Tous les joueurs convergent alors vers le filet et le ton monte. Ashe bondit de sa chaise pour repousser McEnroe vers la ligne de fond et, au changement de côté suivant, le capitaine des États-Unis entame avec ses joueurs une “conversation féroce”, selon Sports Illustrated. Cependant, quelques secondes plus tard, Clerc et McEnroe échangent des politesses à nouveau, et “le capitaine et McEnroe ont semblé sur le point de s’affronter”.

Finalement, le numéro 1 retrouve ses esprits et les États-Unis l’emportent sur le fil, 6-3, 4-6, 6-4, 4-6, 11-9.

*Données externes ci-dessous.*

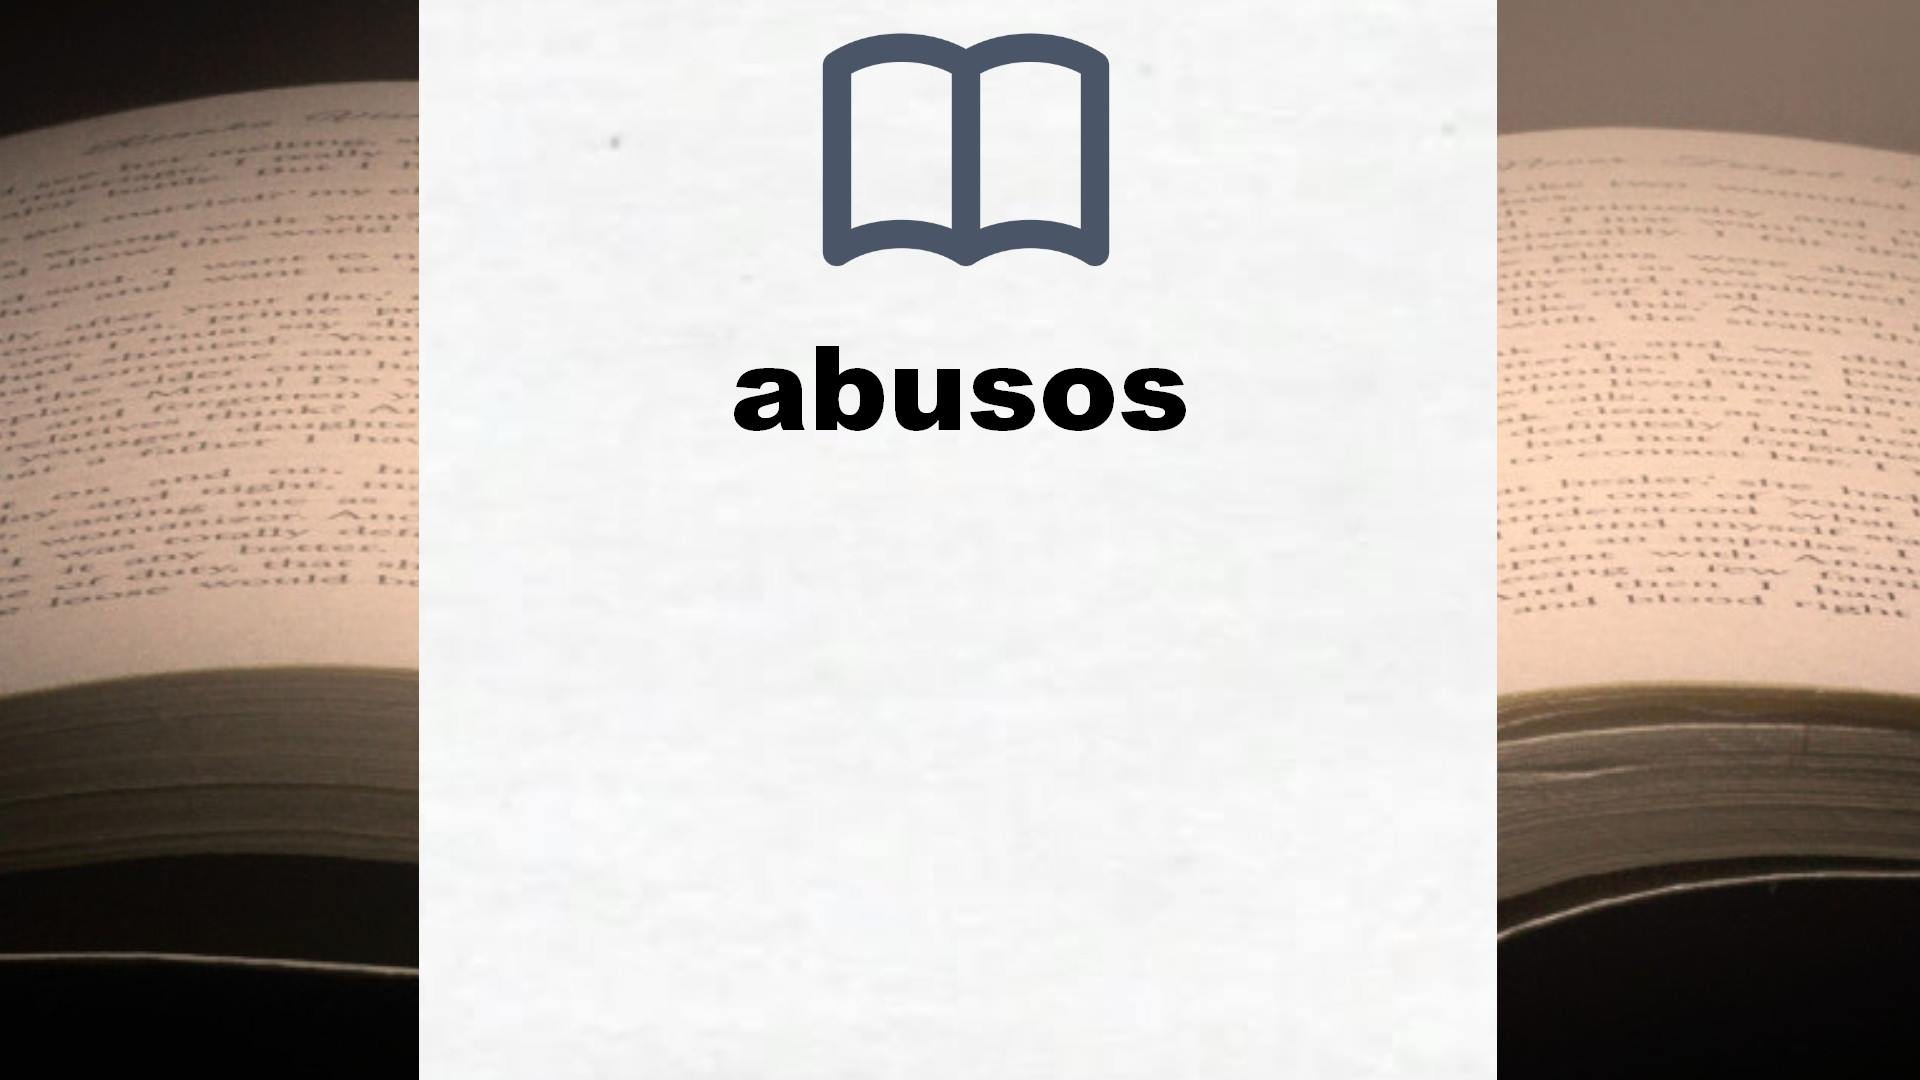 Libros sobre abusos

“Tout ce qui les préoccupe, c’est de vous faire péter les plombs”, explique McEnroe, selon Sports Illustrated. “Ils ne sont pas une équipe de double. Nous sommes une équipe de double. Ils ne font que de l’intox. Si les gens ne pensent pas que la Coupe Davis est différente d’un tournoi ordinaire, alors ils n’ont pas vu ce qui s’est passé aujourd’hui.”

Les Argentins ne sont pas surpris par l’attitude de McEnroe.

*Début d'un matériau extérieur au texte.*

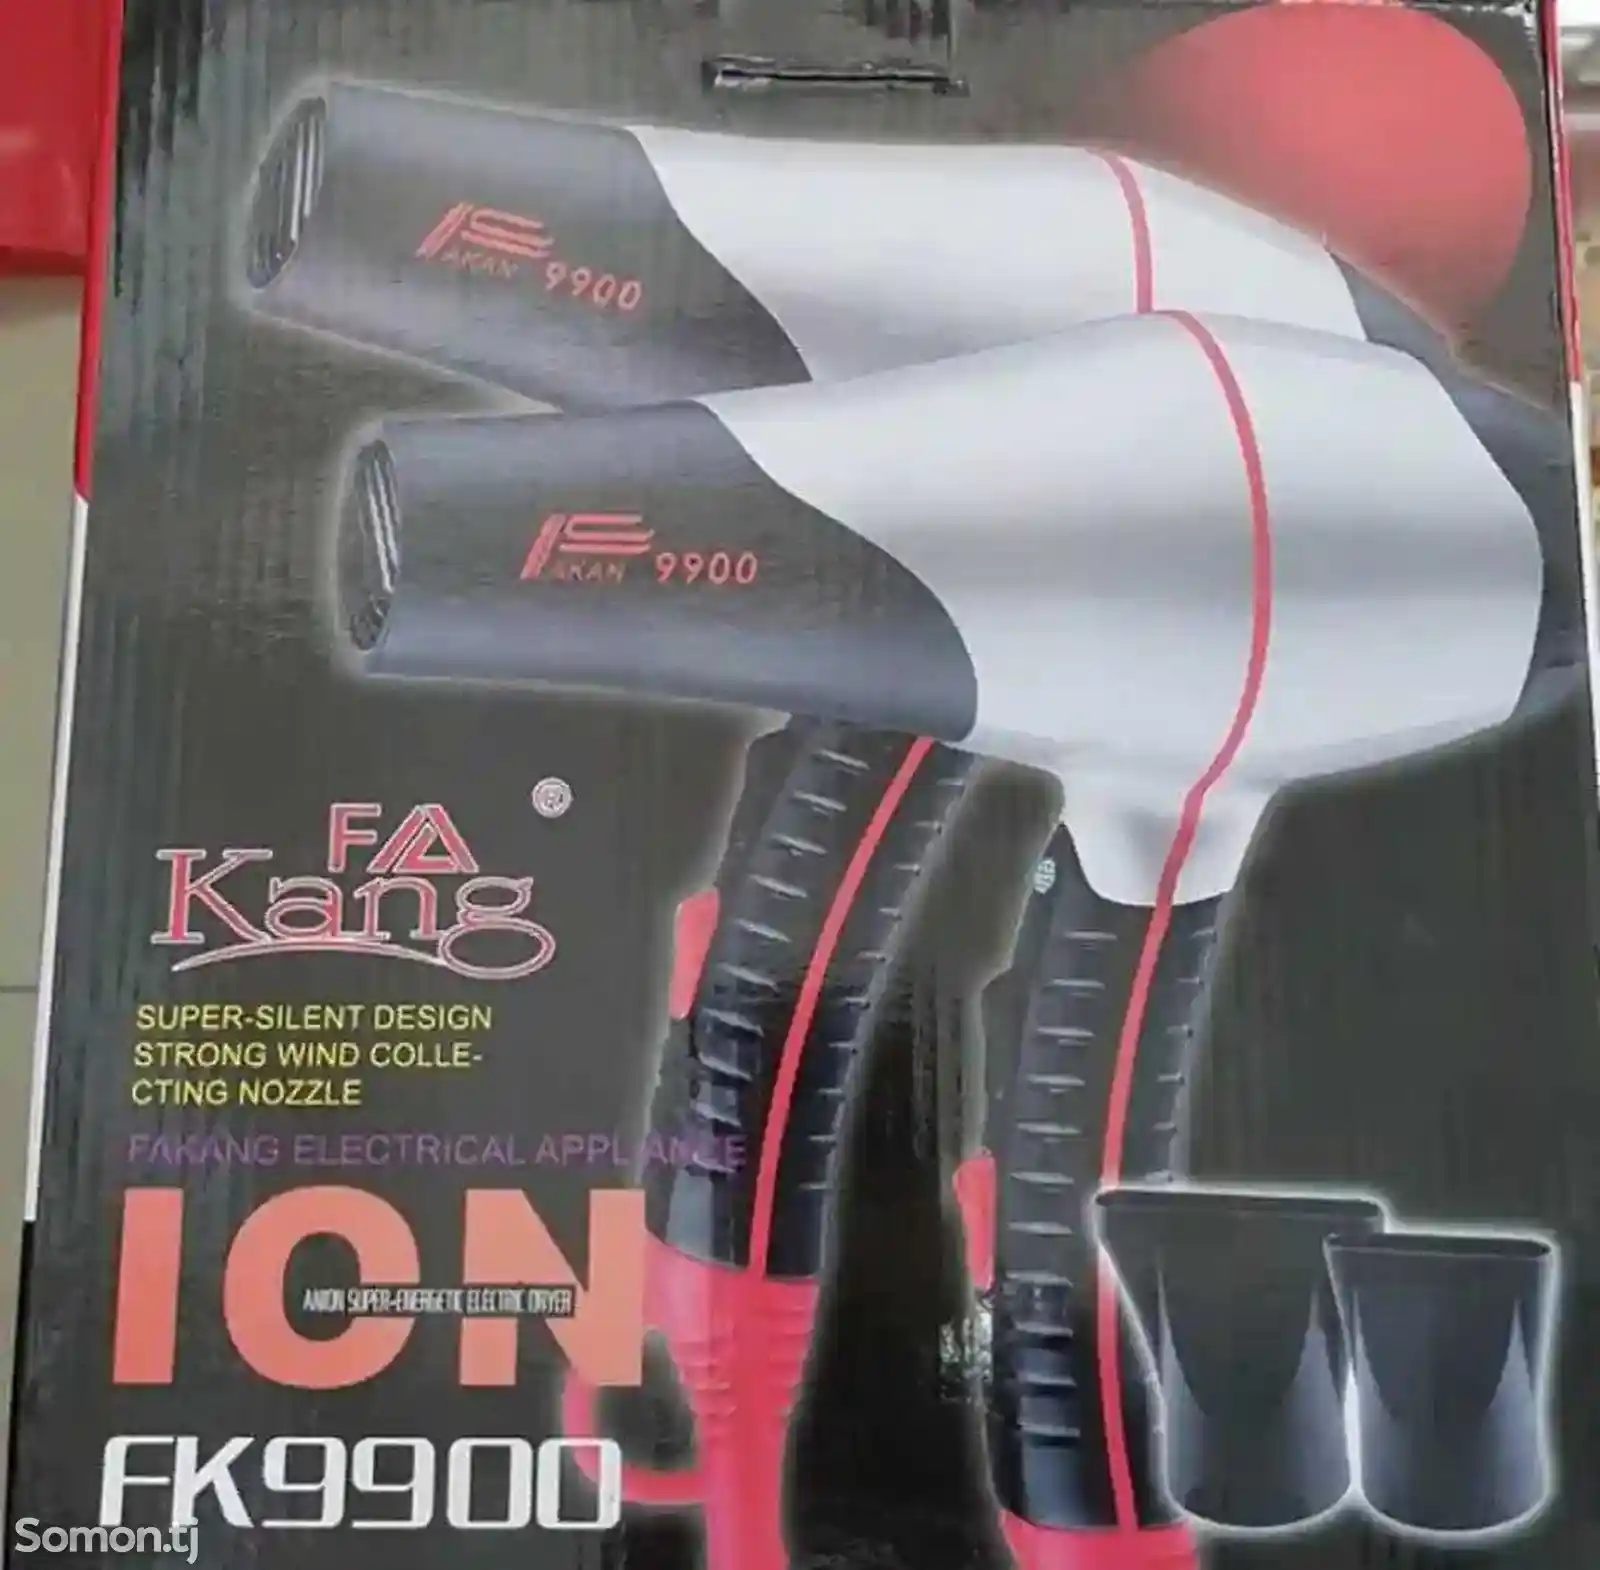 Фен King FK-9900

“McEnroe s’énerve pour tout et pour rien”, déclare Vilas, tandis que Clerc se contente de dire : “Je pense qu’il se comporte comme un sale gosse sur le court”.

La postérité du moment : Ashe ne supportera plus McEnroe

Le lendemain, McEnroe remportera le titre en battant Clerc au terme d’un nouveau match palpitant en cinq sets (7-5, 5-7, 6-3, 3-6, 6-3).

“Quand on gagne la Coupe Davis, beaucoup de choses sont pardonnées”, commentera le numéro un mondial.

Cependant, au fil des ans, le fait de devoir gérer la personnalité et les colères de McEnroe sera l’une des principales raisons qui pousseront Arthur Ashe à démissionner de son poste de capitaine de la Coupe Davis, en 1985.